Genetic Contributions to the Development of Complications in Preterm Newborns

Aim: We aimed to identify specific polymorphisms of genes encoding for vascular endothelial growth factor A (VEGFA), endothelial nitric oxide synthase (eNOS), renin-angiotensin system (angiotensinogen gene [AGT], angiotensinogen type 1 receptor [AGTR1], angiotensin-converting enzyme [ACE]), and heme oxygenase-1 (HMOX-1) in a cohort of preterm infants and correlate their presence with the development of respiratory distress syndrome (RDS) requiring mechanical ventilation (MV), bronchopulmonary dysplasia (BPD), intraventricular hemorrhage (IVH) and retinopathy of prematurity (ROP).
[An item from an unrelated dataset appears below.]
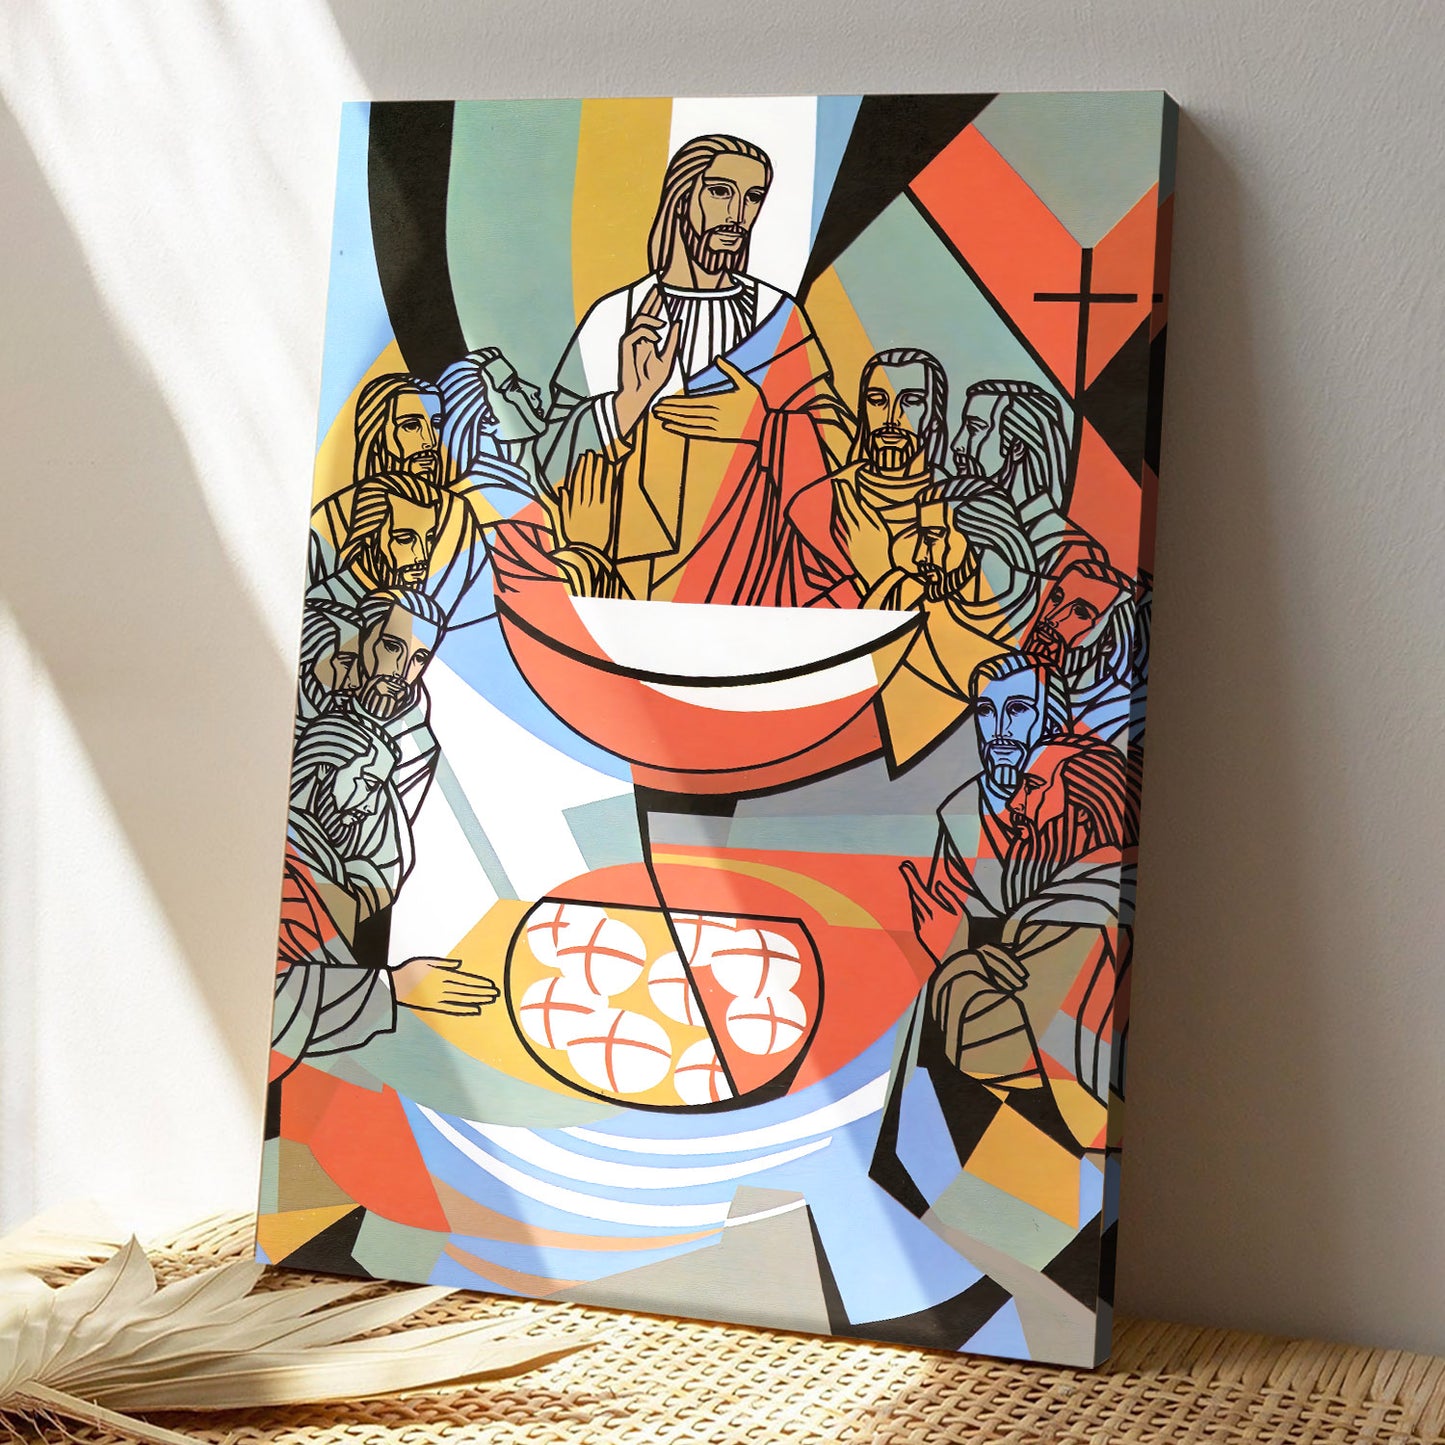 The Last Supper - Jesus Painting On Canvas - Religious Posters - Christian Canvas Prints - Religious Wall Art Canvas - Ciaocustom

Study Design: We carried out a retrospective study to evaluate the allele frequency and genotype distribution of polymorphisms of VEGFA, eNOS, AGT, AGTR1, ACE, and HMOX-1 in a population of preterm neonates (n=342) with a gestational age ≤28 weeks according to the presence or absence of RDS requiring MV, BPD, IVH, or ROP. Moreover, we evaluated through the haplotype reconstruction analysis whether combinations of the selected polymorphisms are related to the occurrence of RDS, BPD, IVH and ROP. Results: In our population 157 infants developed RDS requiring MV, 71 BPD, 70 IVH, and 43 ROP. We found that TC+CC rs2070744 eNOS (41.7 vs. 25.4%, p=0.01) and GT+TT rs1799983 eNOS (51.8 vs. 35.2%, p=0.01) polymorphisms are independent risk factors for BPD. Haplotype reconstruction showed that haplotypes in VEGF and eNOS are significantly associated with different effects on RDS, BPD, IVH, and ROP in our population. Conclusions: We found that TC+CC rs2070744 eNOS and GT+TT rs1799983 eNOS polymorphisms are independent predictors of an increased risk of developing BPD. Haplotypes of VEGFA and eNOS may be independent protective or risk markers for prematurity complications.